Efficacy and safety data of Eylea in diabetic retinopathy (DR) are derived from the VIVID, VISTA, and PANORAMA studies.

VIVID and VISTA

• In the VIVID and VISTA studies, an efficacy outcome was the change in the Early Treatment Diabetic Retinopathy Study (ETDRS) Diabetic Retinopathy Severity Scale (ETDRS-DRSS). The ETDRS-DRSS score was assessed at baseline and approximately every 6 months thereafter for the duration of the studies. At week 100, the proportion of patients improving by at least 2 steps on the ETDRS-DRSS was significantly greater in both Eylea treatment groups (2Q4 and 2Q8) when compared to the control group.
• In VIVID, 32% (n=32/101) and 27% (n=27/97) of patients treated with Eylea 2Q8 and Eylea 2Q4, respectively, improved by at least 2 steps on the ETDRS-DRSS at week 100 from baseline compared with 7% (n=7/99) of those in the control group (both P <.01).
• In VISTA, 38% (n=56/148) and 38% (n=58/153) of patients treated with Eylea 2Q8 and Eylea 2Q4, respectively, improved by at least 2 steps on the ETDRS-DRSS at week 100 from baseline compared with 16% (n=24/150) of those in the control group (both P <.01).

PANORAMA

• The randomized, multicenter, double-masked, controlled PANORAMA study assessed the safety and efficacy of Eylea in a total of 402 patients with moderately severe to severe nonproliferative diabetic retinopathy (NPDR) (ETDRS-DRSS of 47 or 53), without central-involved DME (CI-DME). Patients were randomly assigned in a 1:1:1 ratio to 1 of 3 dosing regimens: 1) 3 initial monthly Eylea 2 mg injections followed by one injection after 8 weeks and then one injection every 16 weeks (Eylea 2Q16); 2) 5 monthly Eylea 2 mg injections followed by one injection every 8 weeks (Eylea 2Q8); and 3) sham treatment.
• The primary efficacy endpoint was the proportion of patients who improved by ≥2 steps on the DRSS from baseline to week 24 in the combined Eylea groups and at week 52 in the 2Q16 and 2Q8 groups individually versus sham. A key secondary endpoint was the proportion of patients developing the composite endpoint of proliferative diabetic retinopathy or anterior segment neovascularization through week 52.  
• At week 24, results showed that 58% of patients in the combined Eylea groups achieved at least a 2-step improvement on ETDRS-DRSS from baseline compared with 6% of those in the control group (adjusted difference, 52%; 95% CI, 45-60; P <.01). 
• At week 52, results showed that 65% and 80% of patients treated with Eylea 2Q16 (adjusted difference, 50%; 95% CI, 40-60; P <.01) and Eylea 2Q8 (adjusted difference, 65%; 95% CI, 56-74; P <.01), respectively, achieved at least a 2-step improvement on ETDRS-DRSS from baseline compared with 15% of those in the control group.

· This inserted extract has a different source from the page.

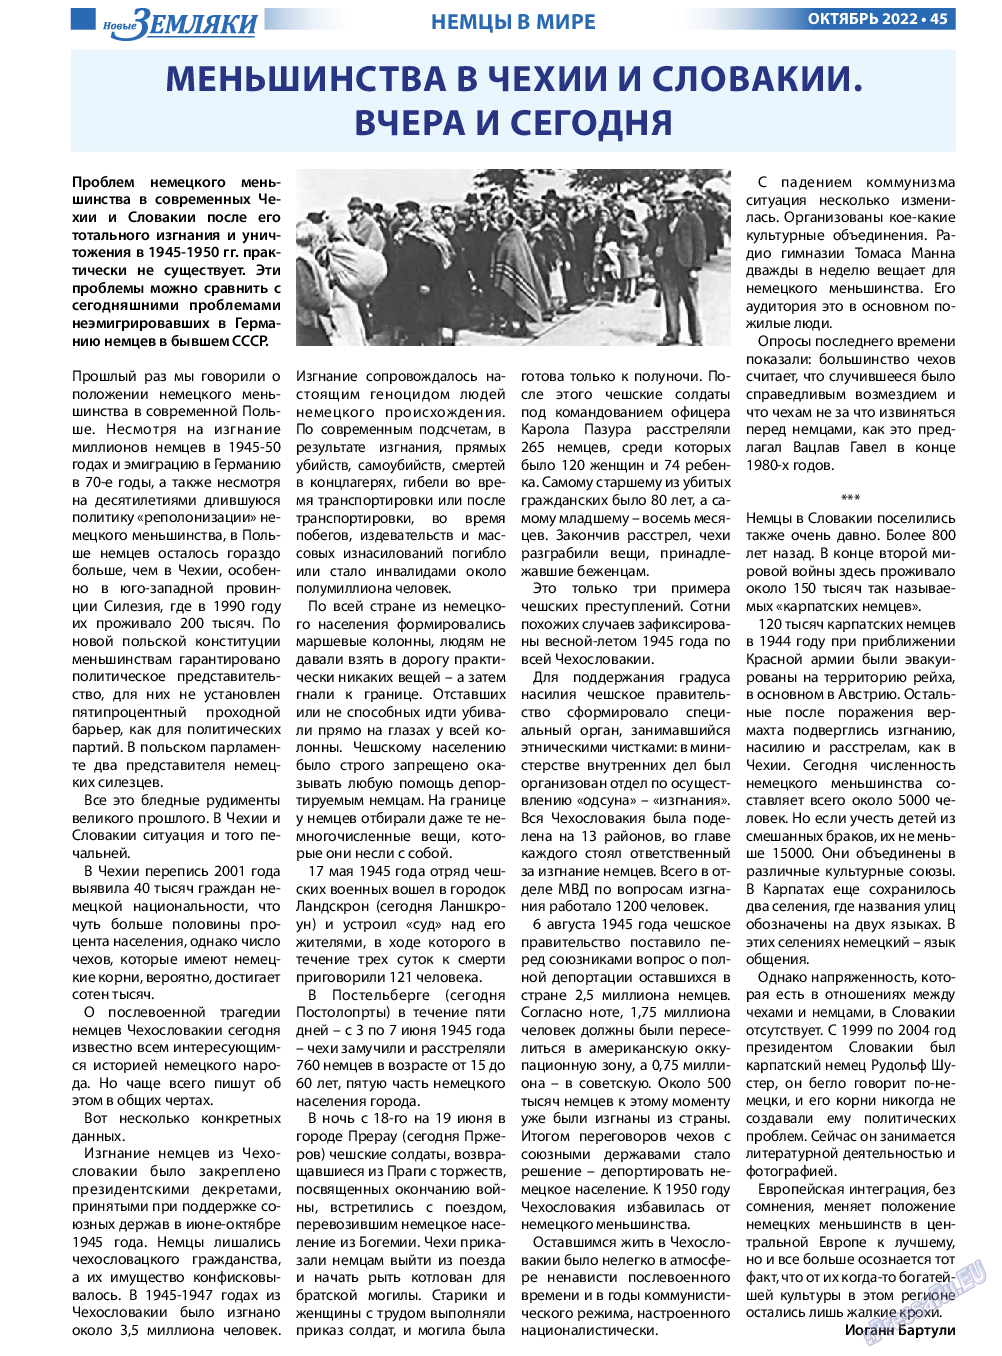 Новые Земляки, газета. 2022 №10 стр.45

Retinopathy of Prematurity (ROP)

• Efficacy and safety data of Eylea in ROP are derived from the BUTTERFLEYE (N=113) and FIREFLEYE (N=120) studies.
• Study participants had a maximum gestational age at birth of 32 weeks or a maximum birth weight of 1500g, had to weigh at least 800g on the day of treatment and had treatment-naïve ROP.
• Patients were randomly assigned to receive 0.4mg of aflibercept via intravitreal injection or laser photocoagulation (the standard treatment for ROP). The primary endpoint was the proportion of patients with absence of active ROP and unfavorable structural outcomes at week 52 of chronological age. 
• Findings from both trials showed that approximately 80% of patients who received aflibercept achieved an absence of active ROP and unfavorable structural outcomes at 52 weeks of age. However, the trials failed to meet the primary endpoint of noninferiority due to laser photocoagulation achieving comparable levels of efficacy, which were higher than previously seen in similar ROP trials.